What Causes June Gloom? A Scientist Explains
Tourists arriving in San Diego this month hoping for a vacation on the beach may be sorely disappointed. That’s because of an ugly blend of heavy clouds and cool weather that locals call "June Gloom."
The gloom is caused by the combination of cold water and higher pressure in the atmosphere, said Sam Iacobellis, a research specialist at Scripps Institution of Oceanography.
"We see this June Gloom and May Gray for a reason," he said. "That’s when the high pressure is pretty strong. This high pressure probably reaches its peak in June and July. And also the water in May and June still hasn’t warmed up to its summer temperature, it’s still pretty much on the cool side."

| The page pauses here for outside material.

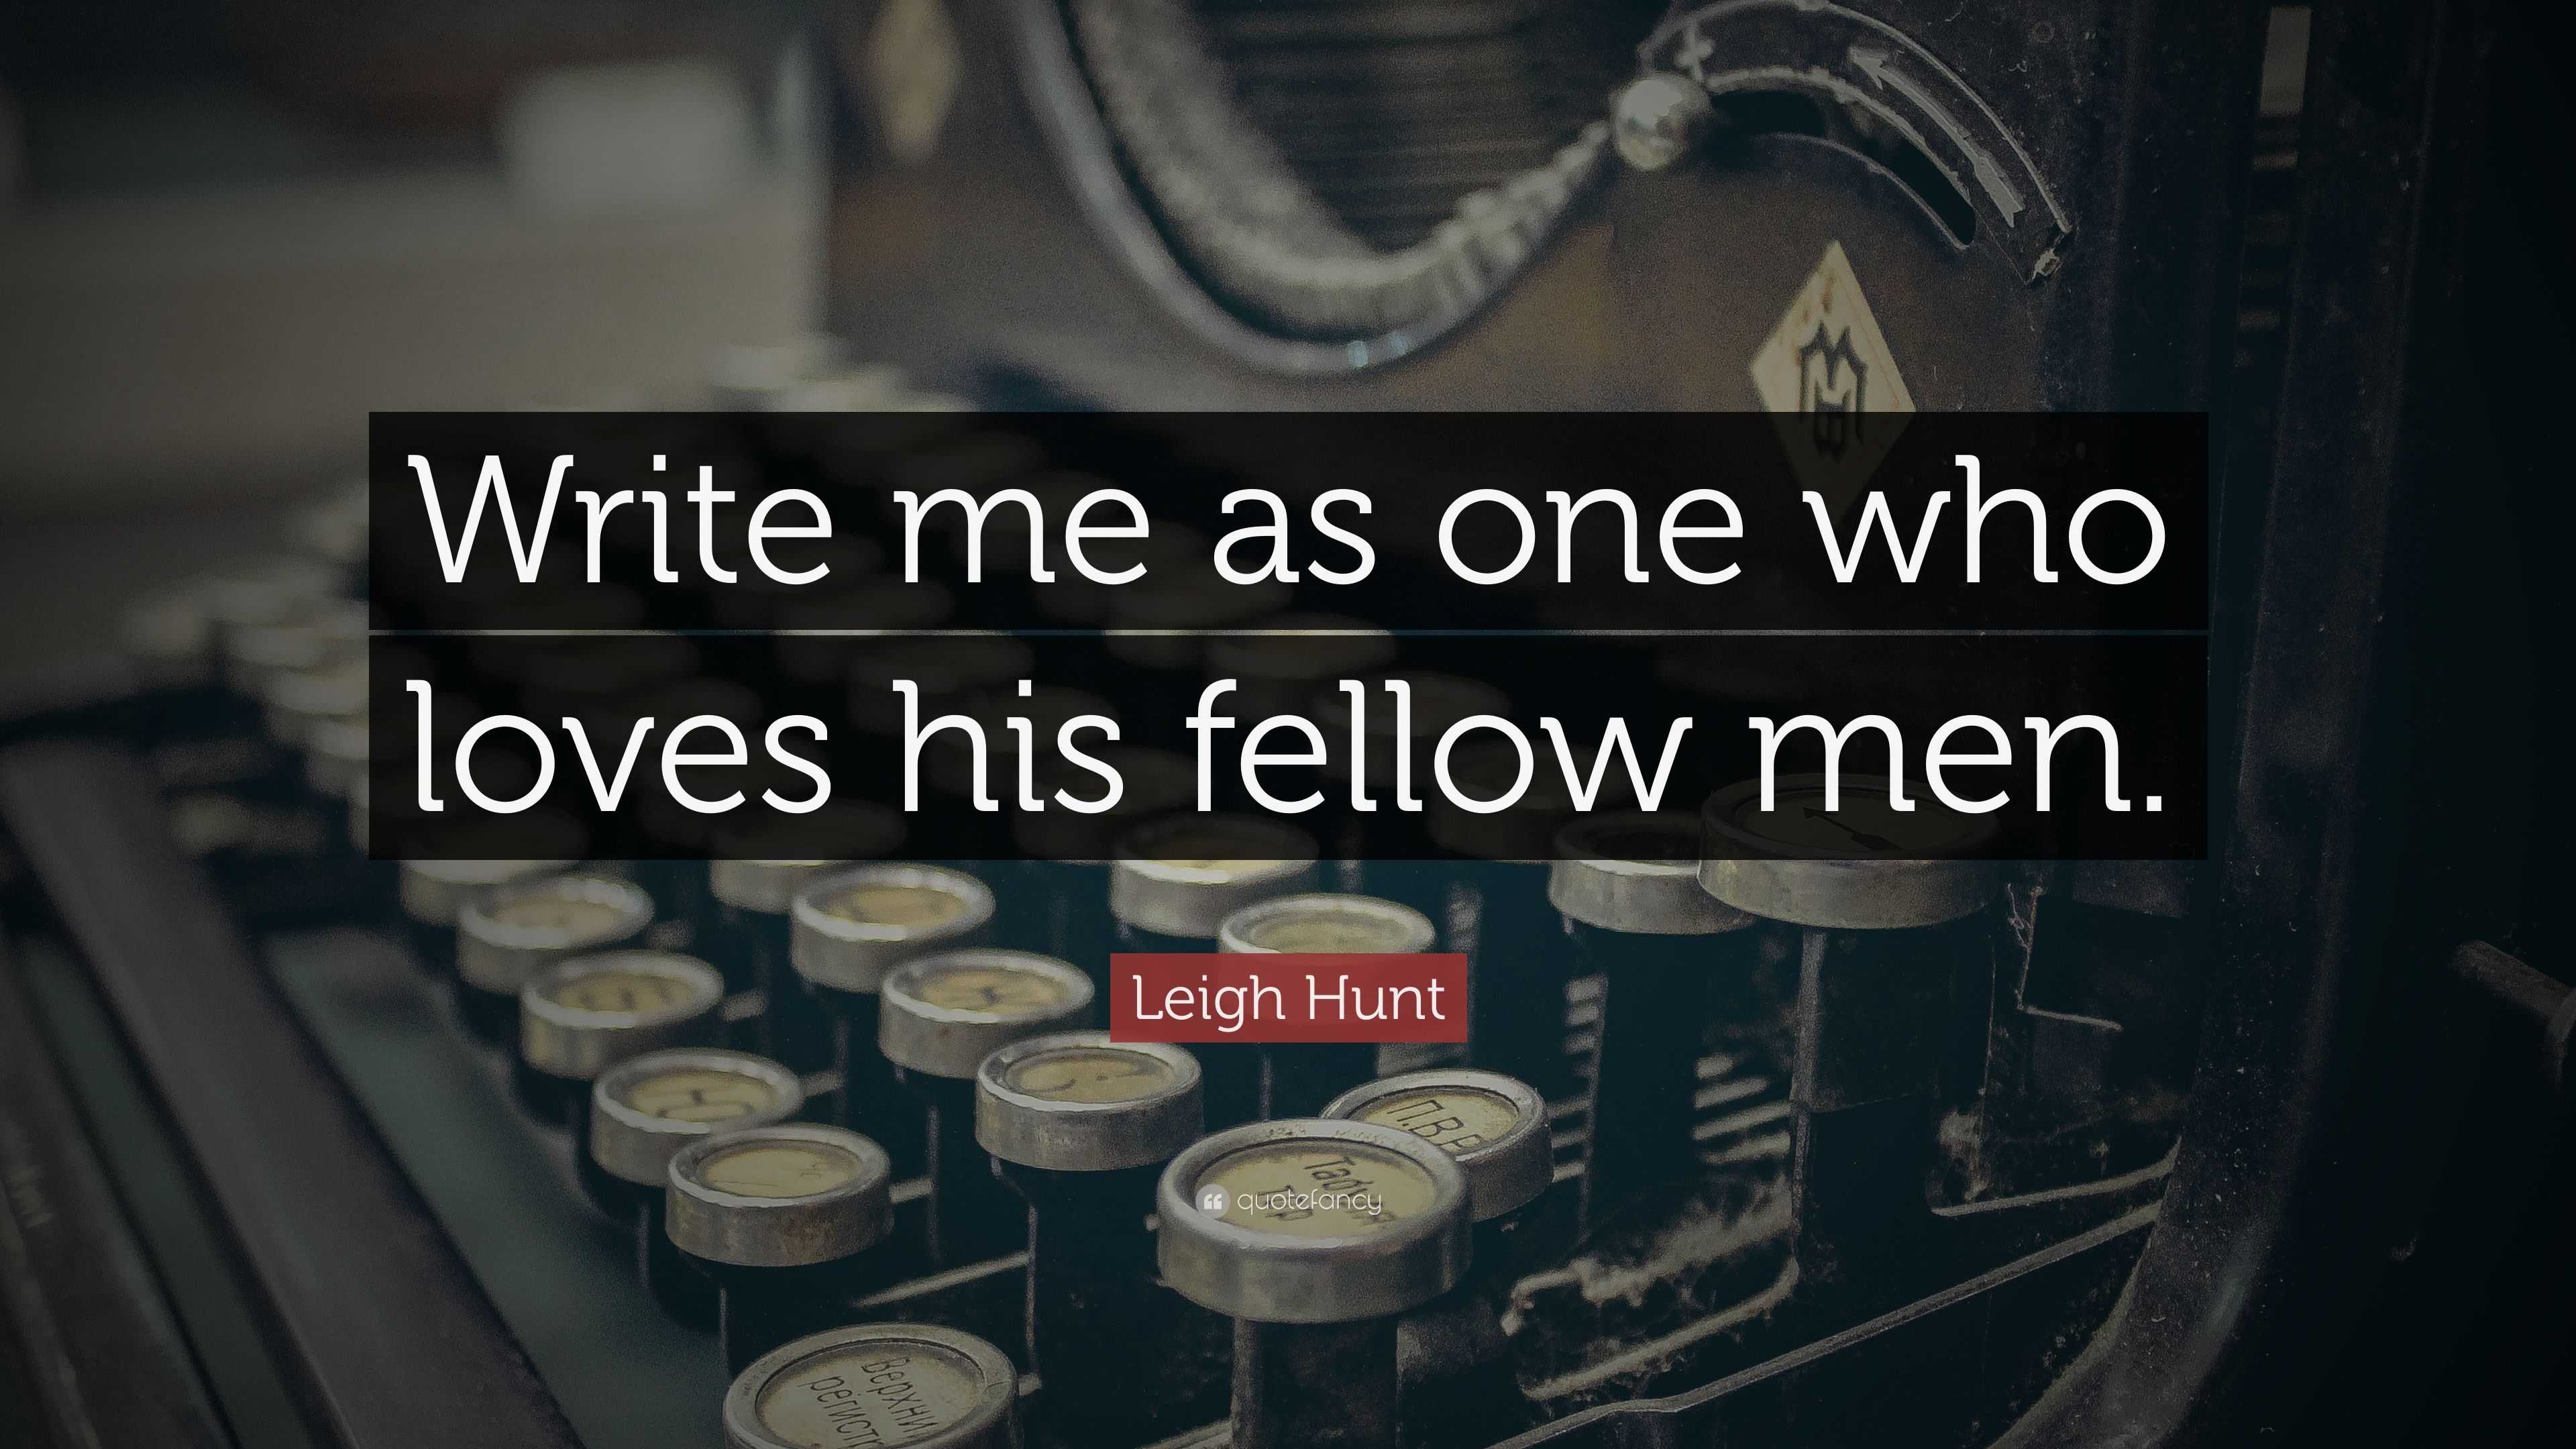 Leigh Hunt Quote “write Me As One Who Loves His Fellow Men ”

The cold water and high pressure act together to create what's called a "temperature inversion," Iacobellis said, where cooler air is found closer to the ground and air temperature increases with height. That's the reverse of what you normally find, he said.
Temperature inversions that hang around for awhile make clouds form, he said. But when the air pressure isn't as high, air can mix more, which means fewer clouds. As the sun heats up the air during the day, the warmer air mixes with the clouds and can help break them apart. That's why the gloom often fades away by afternoon.
While San Diego’s beaches have cold water during most of the year, Iacobellis said it’s only in May and June when the atmospheric pressure is high enough to trap clouds so they hover low over the city. That cloud blanket captures the cold air coming off the ocean to create the gloom.
"It’s two things acting together and May and June seem to be the time when we get the most amount of these clouds," he said.
Sea breezes that come from the water to the land also help keep the clouds along the coast, he said.
After June, the gloom should fade away. But if not, we may need to start using the names “Gray Sky July,” or even, as the science blog The Last Word On Nothing suggests, “Fogust.”